パパとママの逆鱗に触れた私は、家から出る事もできなくなった。
仕事の方はどうしたのかわからないけれど、ママがあれからずっと家にいるから、誰もいないうちに逃げ出すことなんてできなかった。
パパは何も変わらなかったけど、ママは少しだけ変わったみたい。たぶん、何だかんだいって海斗さんの言葉がこたえたんだと思う。自分の部屋に閉じこもったまま出てこない私の代わりに、料理を作ったり洗濯をしたり掃除をしたり。私とも話をしようとしてるみたいだけど、いつになったらあきらめてくれるのかな。

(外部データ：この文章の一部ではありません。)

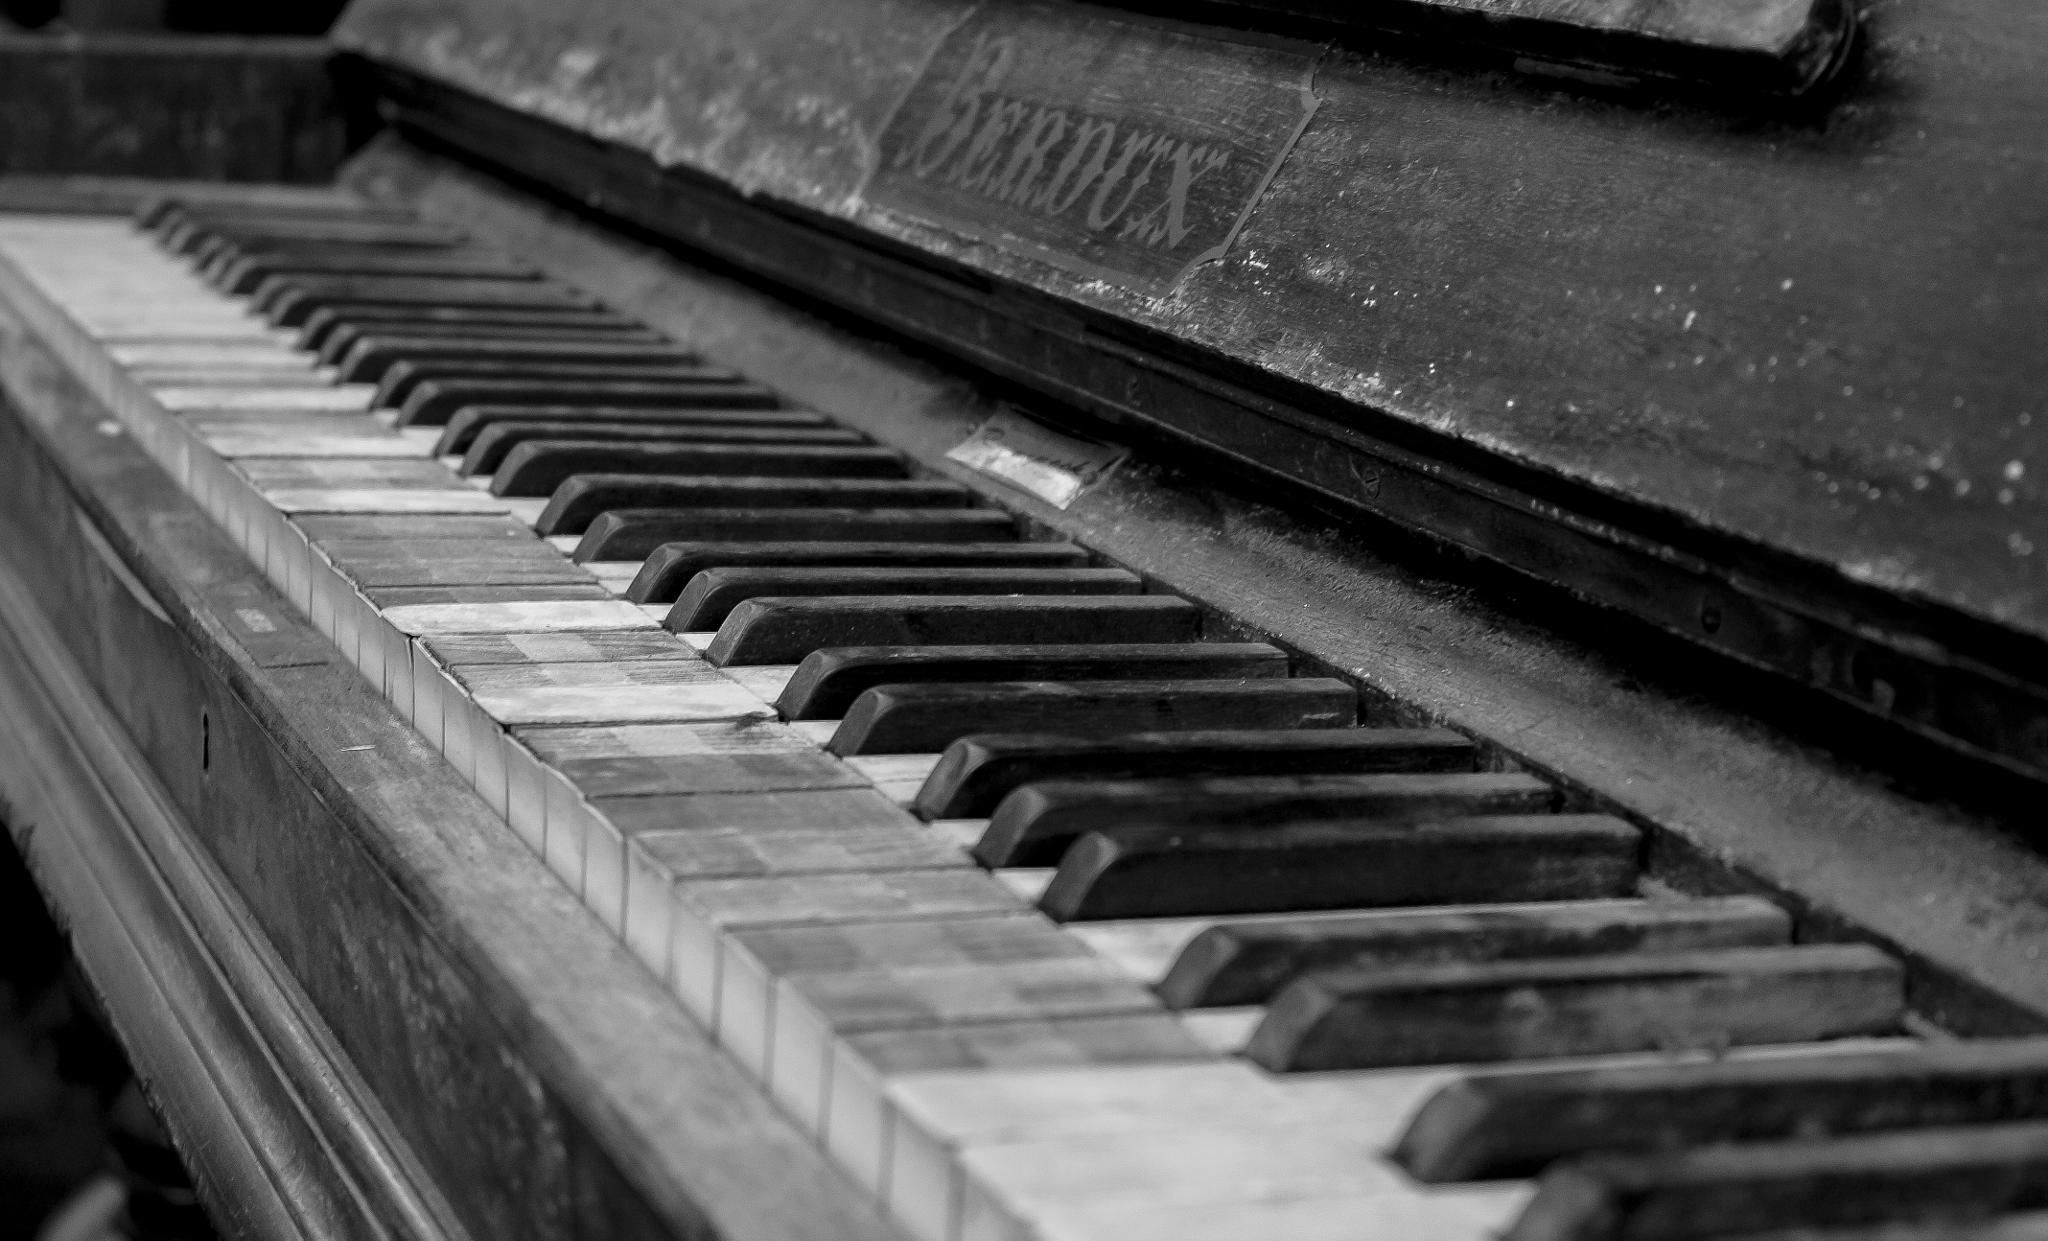 Piano  by Sanket Bartakke

私はというと、大げんかをした後でパパに「一歩も外を歩かせん!」と言われてから、自分の部屋にずっと閉じこもっていた。
何にもする気になれなかった。
髪の毛もぼさぼさで、肌も荒れ放題。食欲もなくて、ママの料理を無理に口にすれば吐いた。
パパとママの顔を見たくなくて、視界に入るものすべてがイヤでたまらなくて、それ以上にそんな自分自身に嫌気がさして。
もう、全てがどうでもよくなってしまった。
もう二度と海斗さんに会えないっていうんなら、生きていても仕方ないって、本気でそう思う。
私もジュリエットみたいに死んでしまおうと思ったけれど、いざカッターを手に取ると怖くなって、腕に薄い傷跡がついただけだった。それもすぐにママにバレて、刃物類は全部取り上げられてしまった。
私はすることもなくて、今の気持ちをなんとかまぎらわそうと本棚に並ぶ物語を読みあさった。
舌切り雀にオオカミ少年。それからシンデレラに、図書館に返してなかったロミオとジュリエット。
でも、いくら読んでも気持ちは晴れなかった。むしろ、余計につらくなるばかりで、私は海斗さんがくれたペンダントを握りしめて何度も泣いた。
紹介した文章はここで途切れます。